NRPE
NRPE
NRPE
NRPE DOCUMENTATION
Copyright (c) 1999-2017 Ethan Galstad
Last Updated: 2 May 2017
Contents
1. Introduction............................................................................................................................................... 2
a) Purpose................................................................................................................................................. 2
b) Design Overview................................................................................................................................... 2
2. Example Uses............................................................................................................................................ 3
a) Direct Checks........................................................................................................................................ 3
b) Indirect Checks...................................................................................................................................... 3
3. Installation................................................................................................................................................. 4
a) Prerequisites.......................................................................................................................................... 4
b) Remote Host Setup............................................................................................................................... 4
c) Monitoring Host Setup........................................................................................................................... 8
5. Upgrading................................................................................................................................................ 15
a) Monitoring Host Upgrade..................................................................................................................... 15
b) Remote Host Upgrades........................................................................................................................ 16
6. Troubleshooting....................................................................................................................................... 17
1. INTRODUCTION
a) Purpose
The NRPE addon is designed to allow you to execute Nagios plugins on remote Linux/Unix machines.

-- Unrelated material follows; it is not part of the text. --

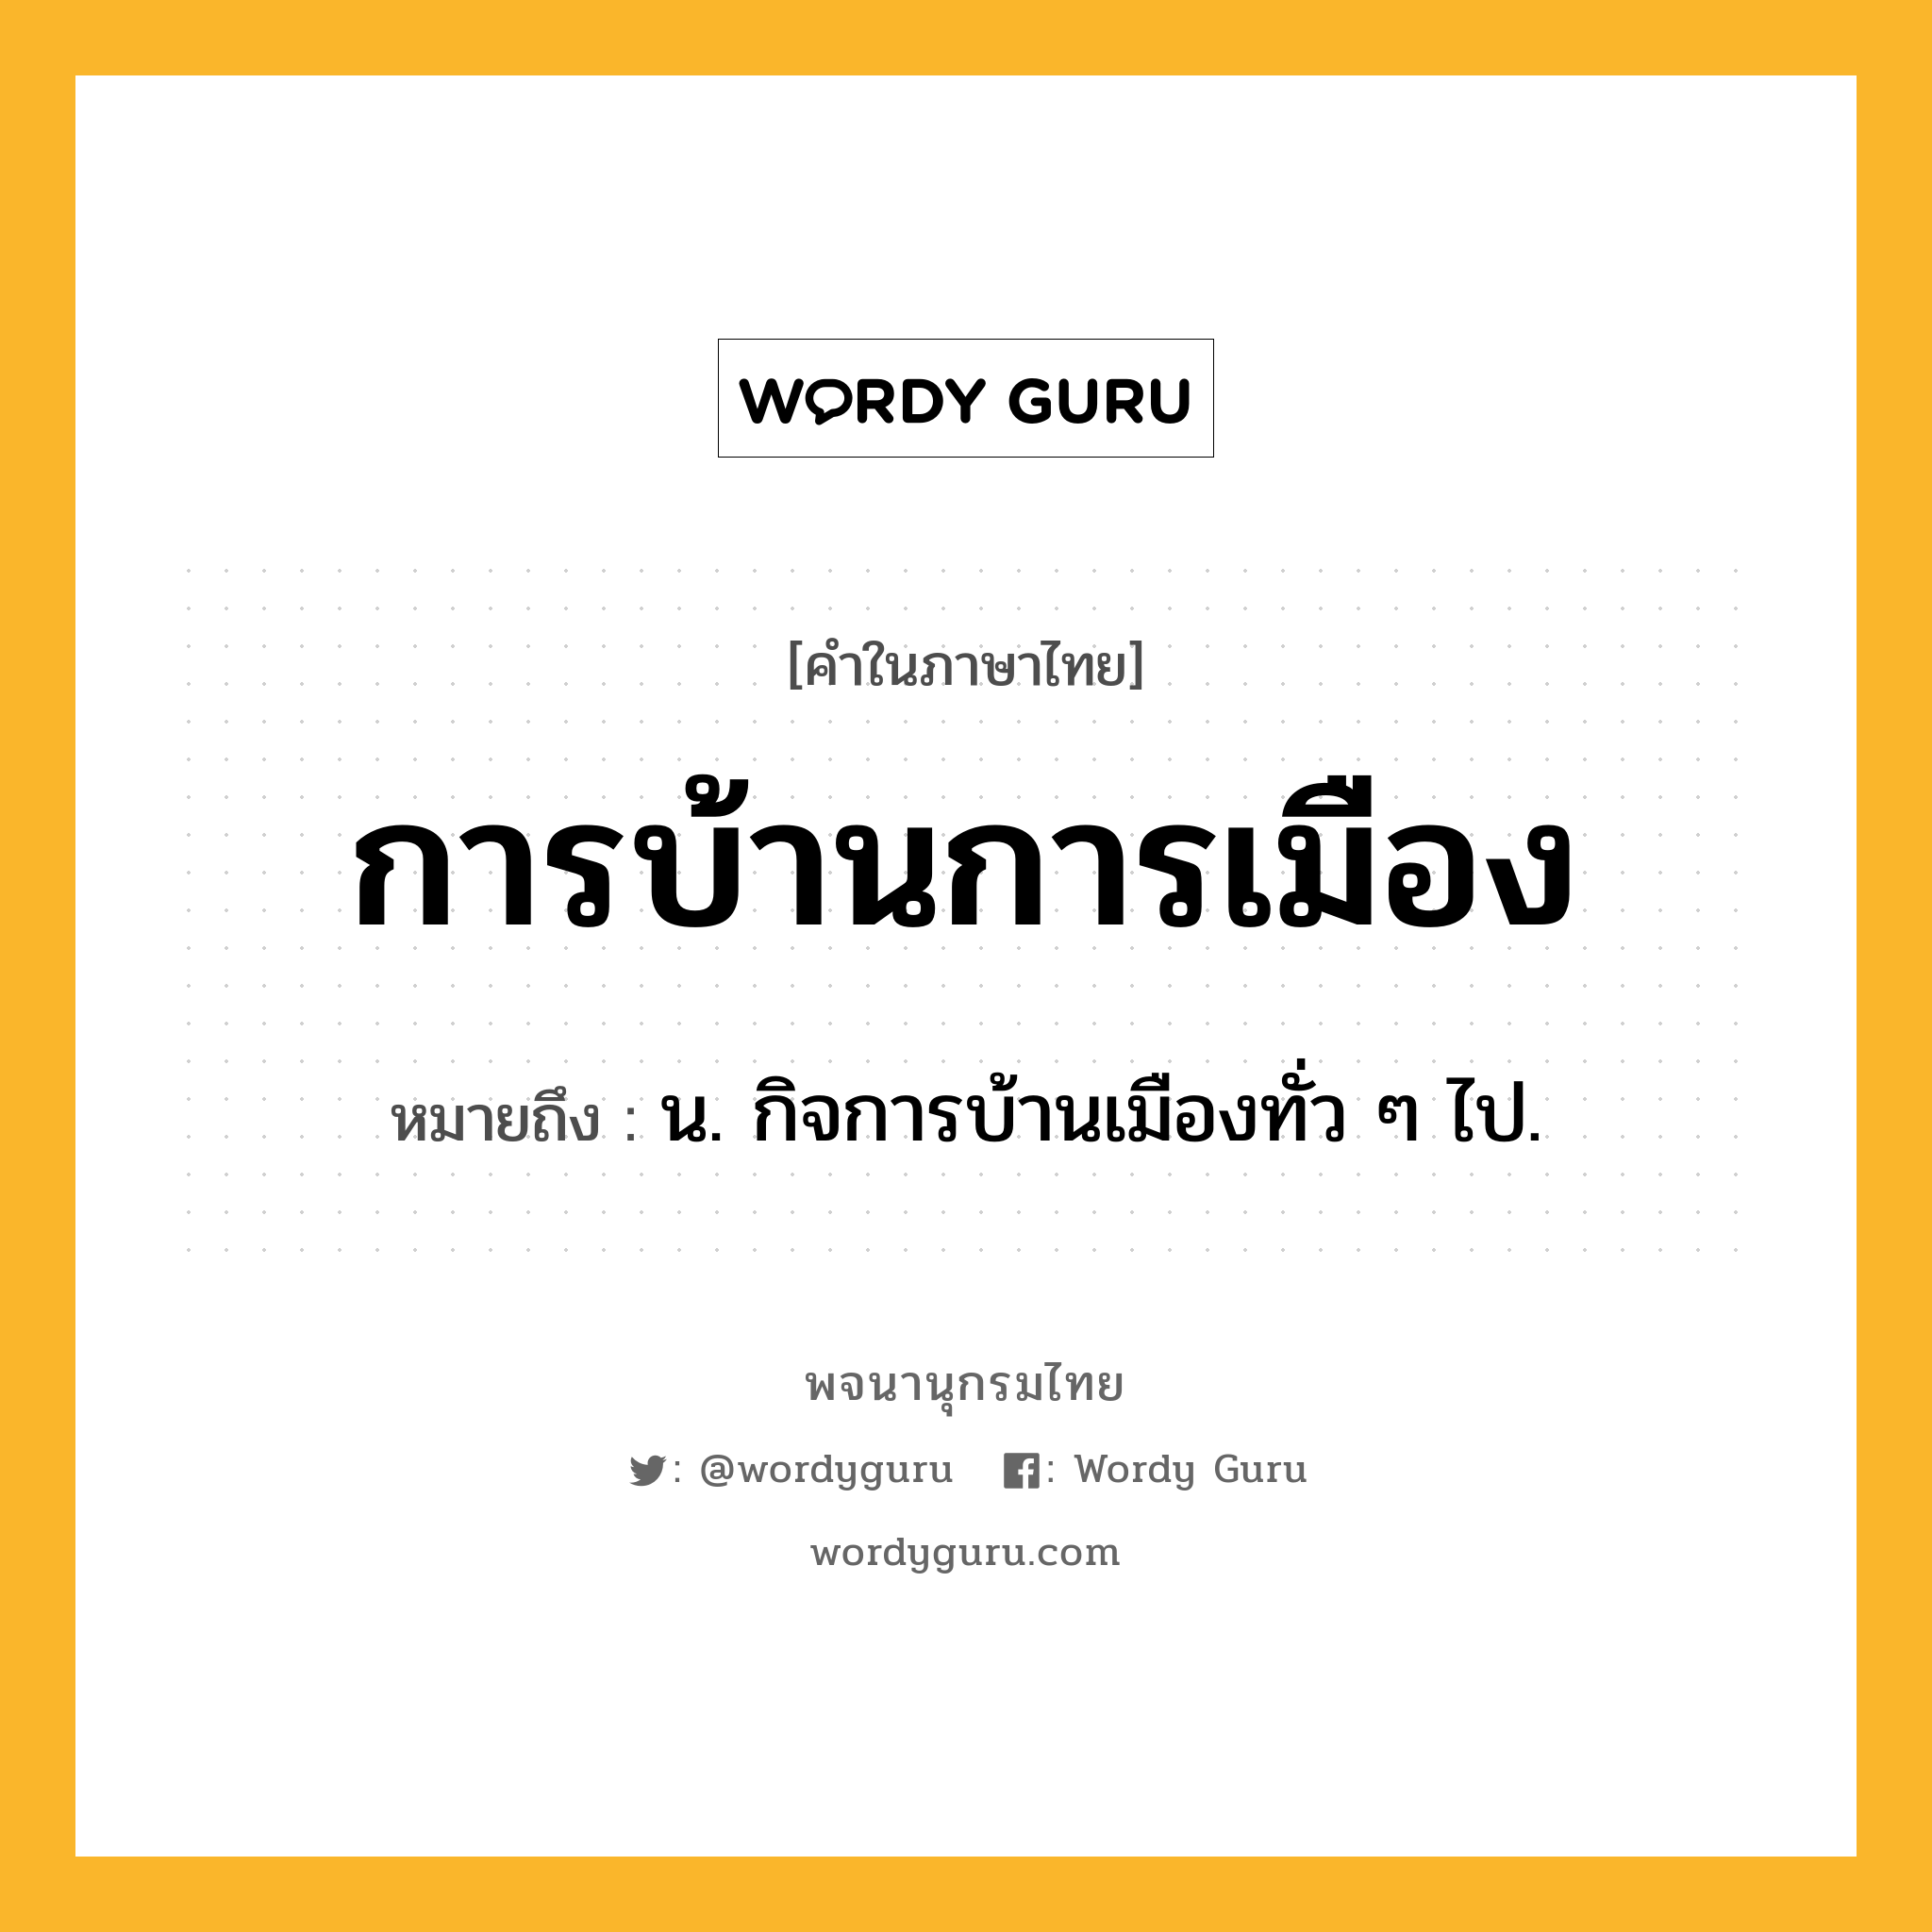 การบ้านการเมือง ความหมาย หมายถึงอะไร?, คำในภาษาไทย การบ้านการเมือง หมายถึง น. กิจการบ้านเมืองทั่ว ๆ ไป.

The
main reason for doing this is to allow Nagios to monitor "local" resources (like CPU load, memory usage,
etc.) on remote machines. Since these public resources are not usually exposed to external machines, an
agent like NRPE must be installed on the remote Linux/Unix machines.
Note: It is possible to execute Nagios plugins on remote Linux/Unix machines through SSH. There is a
check_by_ssh plugin that allows you to do this. Using SSH is more secure than the NRPE addon, but it also
imposes a larger (CPU) overhead on both the monitoring and remote machines. This can become an issue
when you start monitoring hundreds or thousands of machines. Many Nagios admins opt for using the
NRPE addon because of the lower load it imposes.
b) Design Overview
When Nagios needs to monitor a resource of service from a remote Linux/Unix machine:
Nagios will execute the check_nrpe plugin and tell it what service needs to be checked
The check_nrpe plugin contacts the NRPE daemon on the remote host over an (optionally) SSL
protected connection
The NRPE daemon runs the appropriate Nagios plugin to check the service or resource
The results from the service check are passed from the NRPE daemon back to the check_nrpe plugin,
which then returns the check results to the Nagios process.

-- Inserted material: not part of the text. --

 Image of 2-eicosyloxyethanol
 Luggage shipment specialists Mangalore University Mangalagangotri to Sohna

Note: The NRPE daemon requires that Nagios plugins be installed on the remote Linux/Unix host. Without
these, the daemon wouldn't be able to monitor anything.
2. EXAMPLE USES
a) Direct Checks
The most straight forward use of the NRPE addon is to monitor "local" or "private" resources on a remote
Linux/Unix Machine. This includes things like CPU load, memory usage, swap usage, current users, disk
usage, process states, etc.
b) Indirect Checks
You can also use the NRPE addon to indirectly check "public" services and resources of remote servers that
might not be reachable directly from the monitoring host. For instance, if the remote host that the NRPE
daemon and plugins are installed on can talk to the a remote web server (but the monitoring host cannot),
you can configure the NRPE daemon to allow you to monitor the remote web server indirectly. The NRPE
daemon is essentially acting as proxy in this case.
3. INSTALLATION
In order to use the NRPE add-on, you'll need to perform some tasks on both the monitoring host and the
remote Linux/Unix host that the NRPE daemon is installed on. I'll cover both of these tasks separately.
You need to decide if you will have the NRPE daemon running at all times, or if it will start for each
incoming connection (ex. Under inetd or xinetd).

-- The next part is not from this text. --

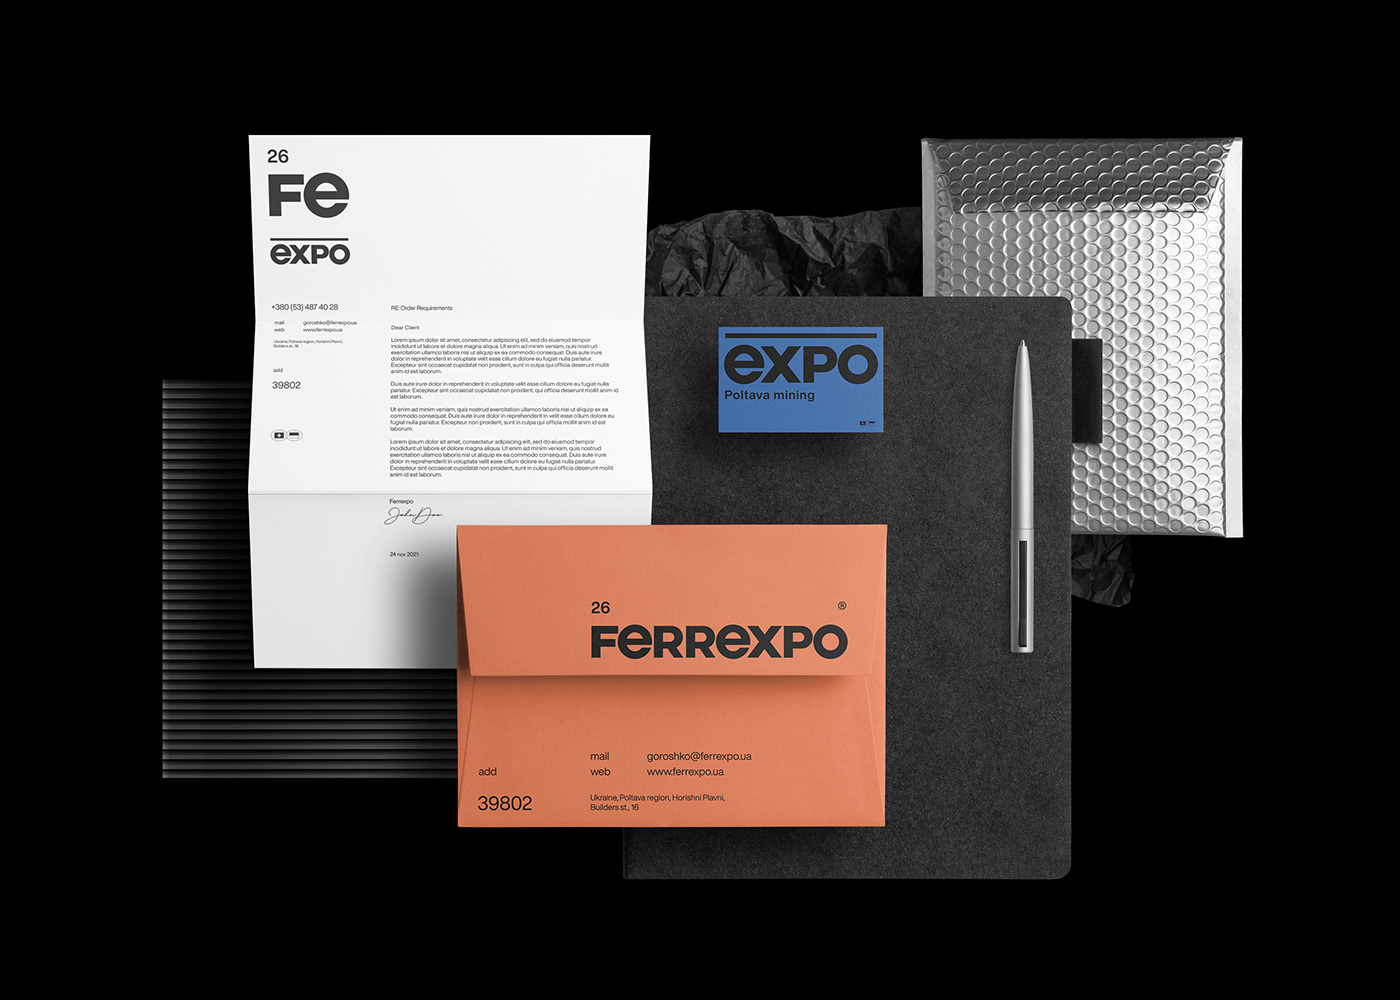 Ferrexpo铁矿厂品牌视觉设计

Note: As of version 3.0, NRPE has been updated to make building and installing much easier on a wide
variety of operating systems. The instructions presented here are based on hosts running a generic
common Linux distribution such as CentOS, Fedora or SUSE. When naming conventions, commands, etc.
vary across different Linux distributions and UNIX variants, I will usually note the differences. But the
instructions provided here may have to be altered a bit for your situation.
a) Prerequisites
In order to complete these installation instructions, you'll need:
Access to the source, either via Internet, local network, disk, or CD-ROM
i. Account Setup
As of NRPE version 3.0, the Makefile includes targets to add the required users and groups to the
computer's local accounts (usually /etc/passwd), if necessary. If you will be adding them to LDAP or some
other authentication system, you will have to do it yourself.
# mkdir ~/downloads
# cd ~/downloads
Download the source code tarball of the Nagios plugins (visit http://www.nagios.org/downloads/ for links to
the latest versions). At the time of writing, the latest stable version of the Nagios plugins was 2.1.1.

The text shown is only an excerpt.